/sdl-examples

Examples for Smart Data Lake

Primary LanguageScalaGNU General Public License v3.0GPL-3.0

Smart Data Lake Examples

Examples

Currently implemented example feeds (the name is used to substitute <example> - see below) in samples.conf:

  • custom-my-df2csv: Write a custom DataFrame to CSV
  • ab-csv: Read file from CSV and write contents to CSV.
  • ab-parquet-hive: Read file from CSV, write contents to Parquet, then write contents to Hive in a second Action.
  • ab-excel: Read file from CSV and write contents to Excel file.
  • ab-jdbc: Read file from CSV, reduce columns with custom transformation and write contents to JDBC. In a second Action read data from JDBC and write it back to CSV.
  • ab-sql-transform: Read file from CSV and transform one input/output with SQL statement.
  • ab-sql-multi-transform: Read file from CSV and transform one input to multiple outputs with SQL statement.
  • ab-python-transform: Read file from CSV and transform with python pyspark code. This is commented out by default. See notes below for setting up python environment.
  • custom-rating-csv: Write a custom DataFrame to two different CSV files. Then read both CSV files in a CustomSparkAction with aggregation logic.

The following reporting feeds which work with the metadata of the example feeds in reporting.conf:

  • export-metadata: Writes metadata of DataObjects and Actions to CSV
  • check-constraints: Writes PK violations for tables with primary key defined to CSV

Run with Maven

  1. Set the following environment variable: HADOOP_HOME=/path/to/hadoop (see https://github.com/smart-data-lake/smart-data-lake).
  2. Change to the examples project (io.smartdatalake:sdl-examples).
  3. Execute all examples: mvn clean verify

Note: To execute a single example:

 mvn clean package exec:exec -Dexec.executable="java" -Dexec.args="-classpath %classpath io.smartdatalake.app.LocalSmartDataLakeBuilder --feed-sel <regex-pattern> --config <path-to-projectdir>/src/main/resources" -Dexec.workingdir="target"

(requires Maven 3.3.1 or later)

Run Example (IntelliJ on Windows)

  1. Ensure, that the directory src/main/resources is configured as a resource directory in IntelliJ (File - Project Structure - Modules).

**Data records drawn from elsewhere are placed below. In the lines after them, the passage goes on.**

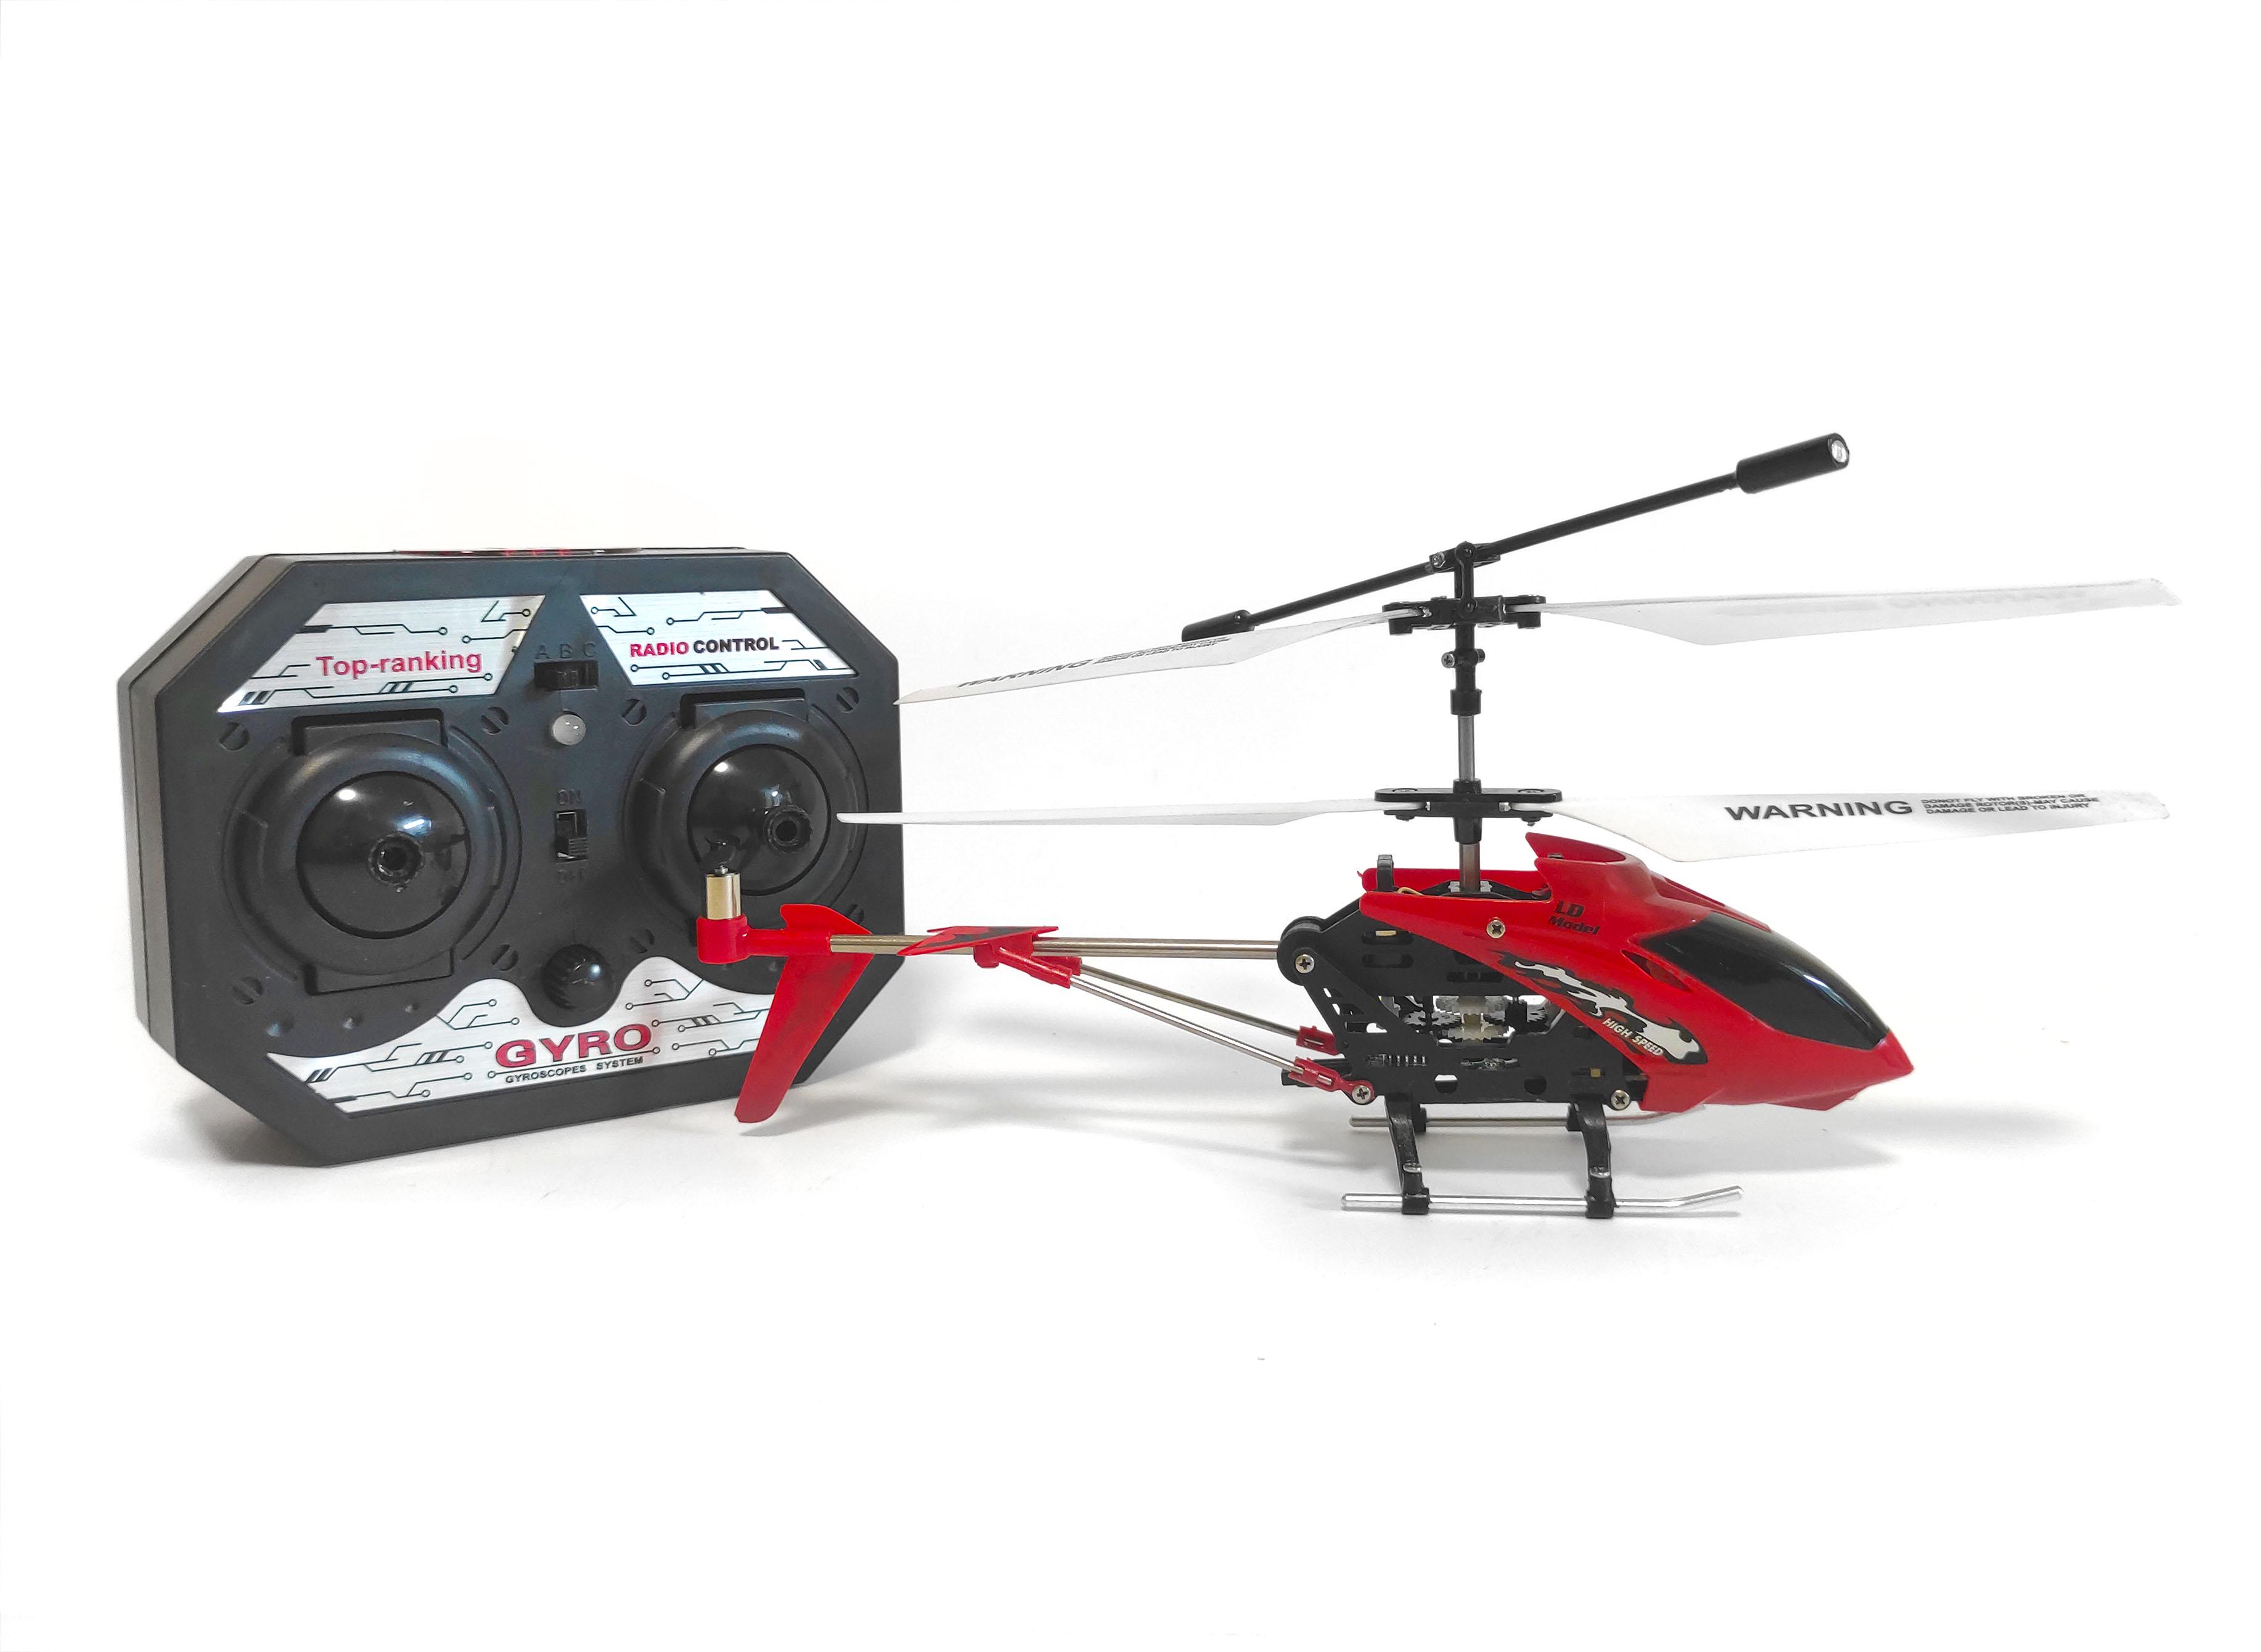 Новая пилотажная модель вертолета 100-го класса от WLToys с бесфлайбарной системой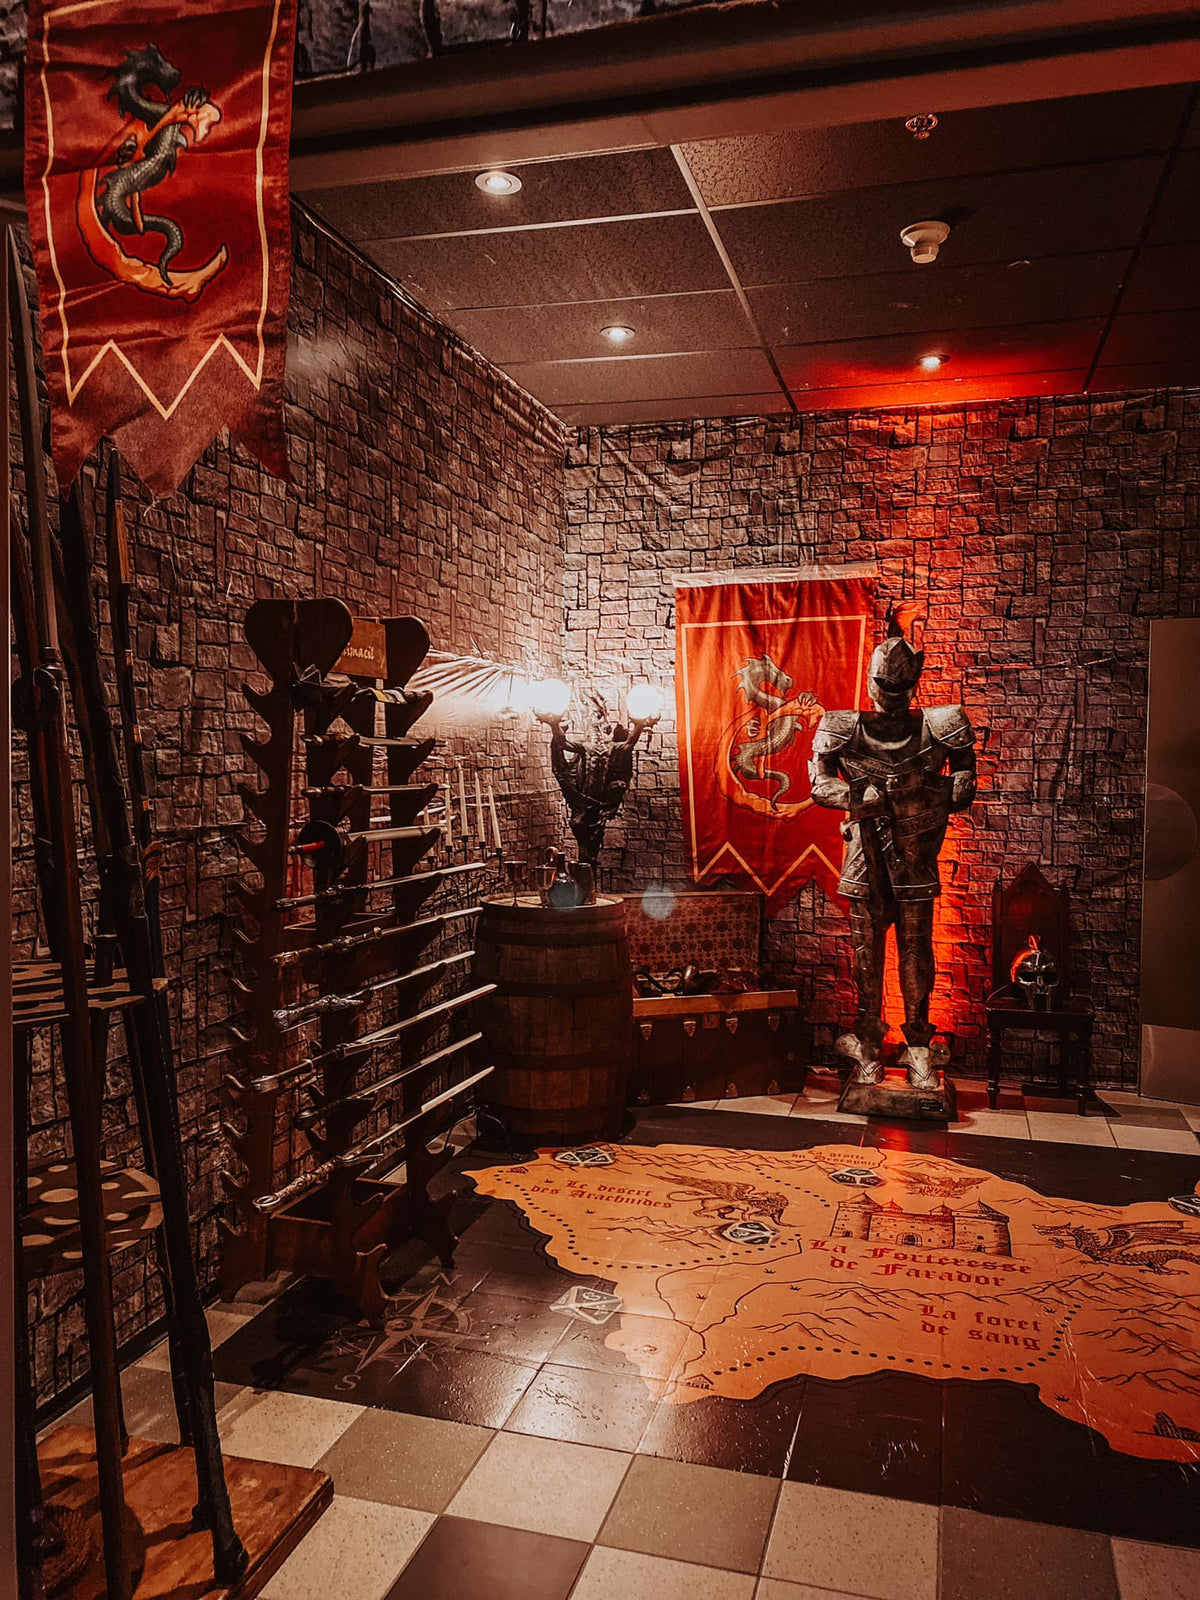 L'entrée de la salle de cinéma avec une carte au sol, des armes et une armure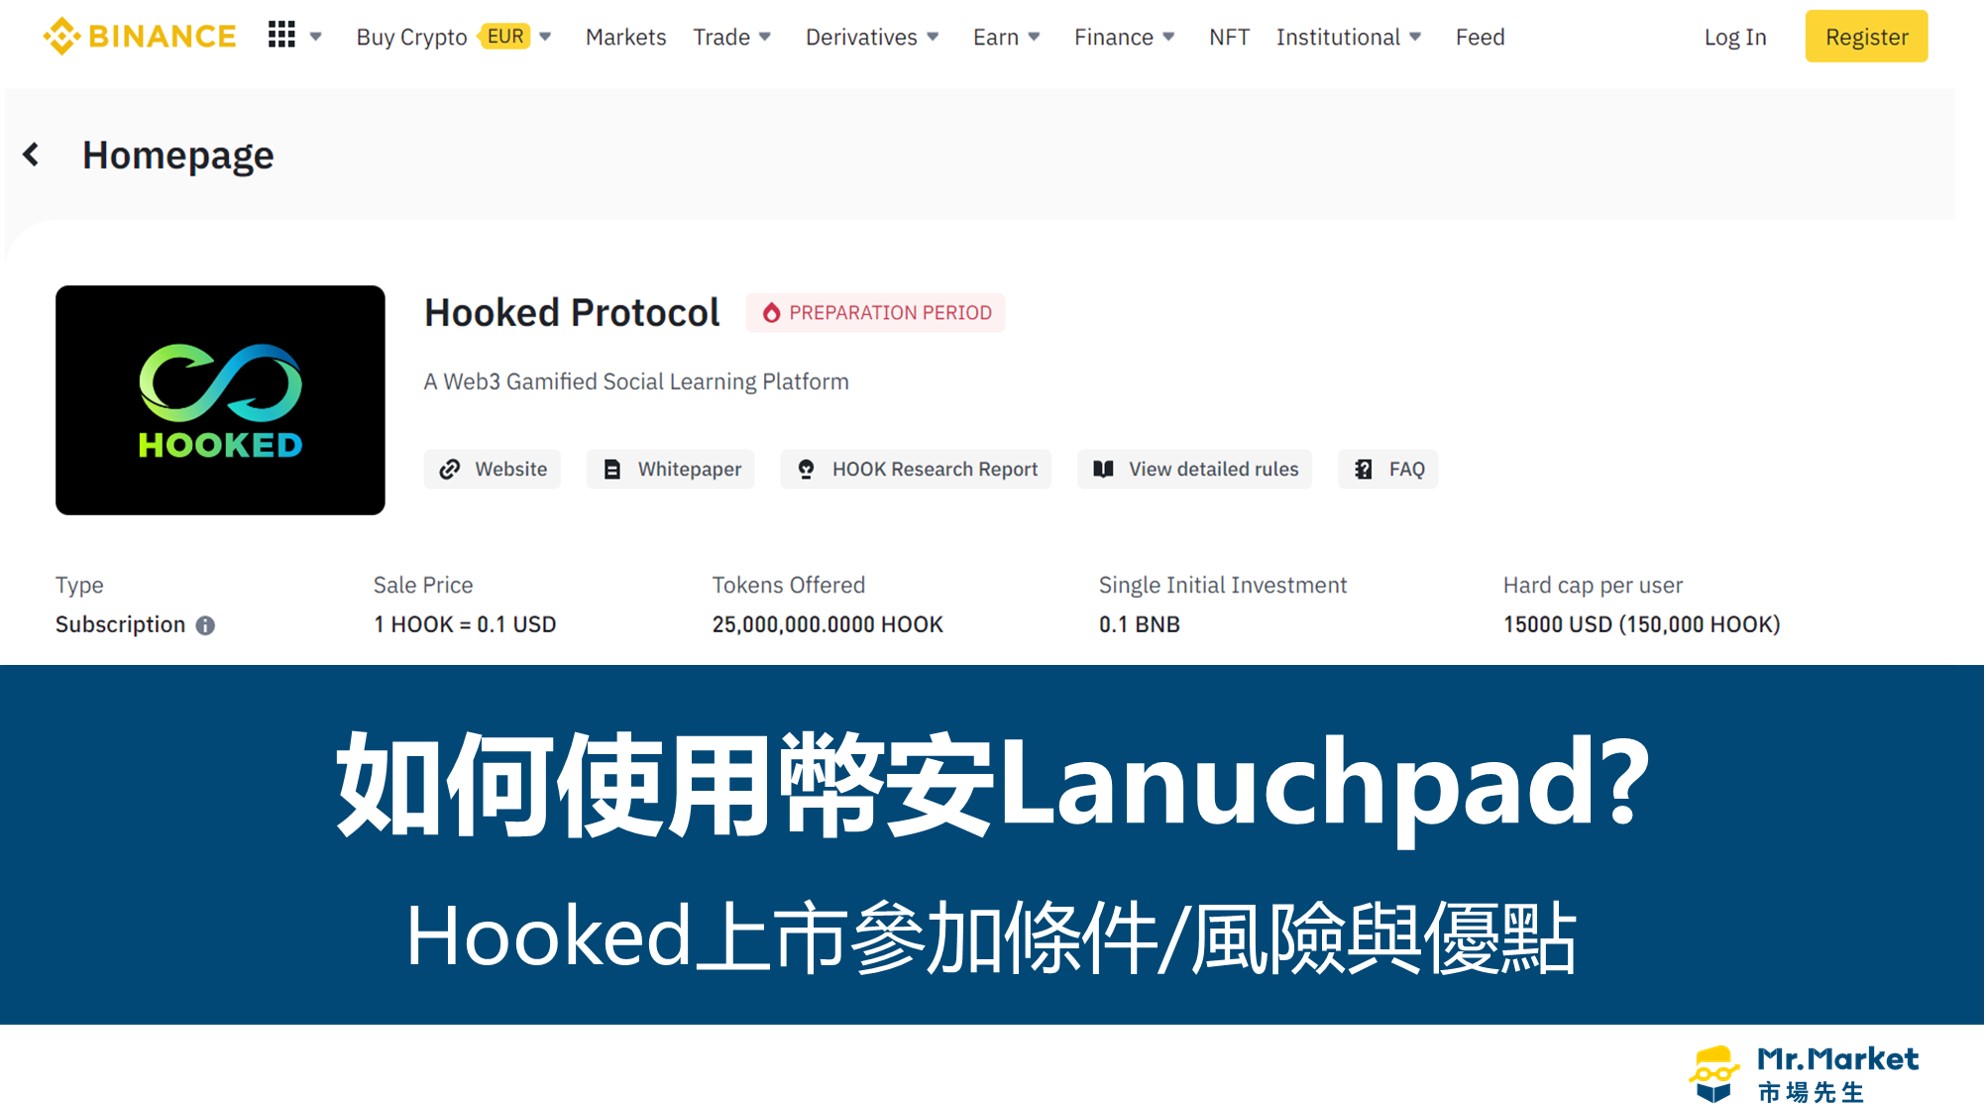 幣安Lanuchpad》Hooked上市參加條件及申購風險解析

    It contains the global.conf, samples.conf and reports.conf configuration files that defines the example feeds.

  2. Configure and run the following run configuration in IntelliJ IDEA:

    • Main class: io.smartdatalake.app.LocalSmartDataLakeBuilder
    • Program arguments: --feed-sel <regex-feedname-selector> --config $ProjectFileDir$/src/main/resources
    • Working directory: /path/to/sdl-examples/target or just target
    • Environment variables:

Programmatic Access to Data Objects (e.g. Notebooks)

To programmatically access DataObjects for testing the config or interactive exploration in Notebooks, see ProgrammaticAccessDemo

Run Python PySpark example feed

To run feed ab-python-transform you need to install Python and PySpark. In IntelliJ this can be achieved by the following steps:

  1. Download and install python version 3.7. Note that version 3.8 only works from spark 3.0 (SPARK-29536).
  2. Install IntelliJ Python plugin.
  3. Configure additional Python SDK as "Virtualenv Environment" in "Project Structure". Install to directory /venv.
  4. Configure additional Module "Python Interpreter" module in "Project Structure".
  5. Open requirements.txt in project root dir. IntelliJ should now download and install python packages to virtualenv.
  6. Make sure your "Run Configuration" has set environment variable "PYTHONPATH" to "/venv/Lib/site-packages" (assuming virtualenv is installed to /venv).
  7. Make sure your "Run Configuration" has extended environment variable "PATH" to "/venv/Scripts;$PATH$" in order to use the right Python binary version.

Now you should be able to run feed ab-python-transform. Note that if there are problems with the python transform there is an PythonTransformationException thrown, but the real python execution error is written some lines above in the logs/stdout.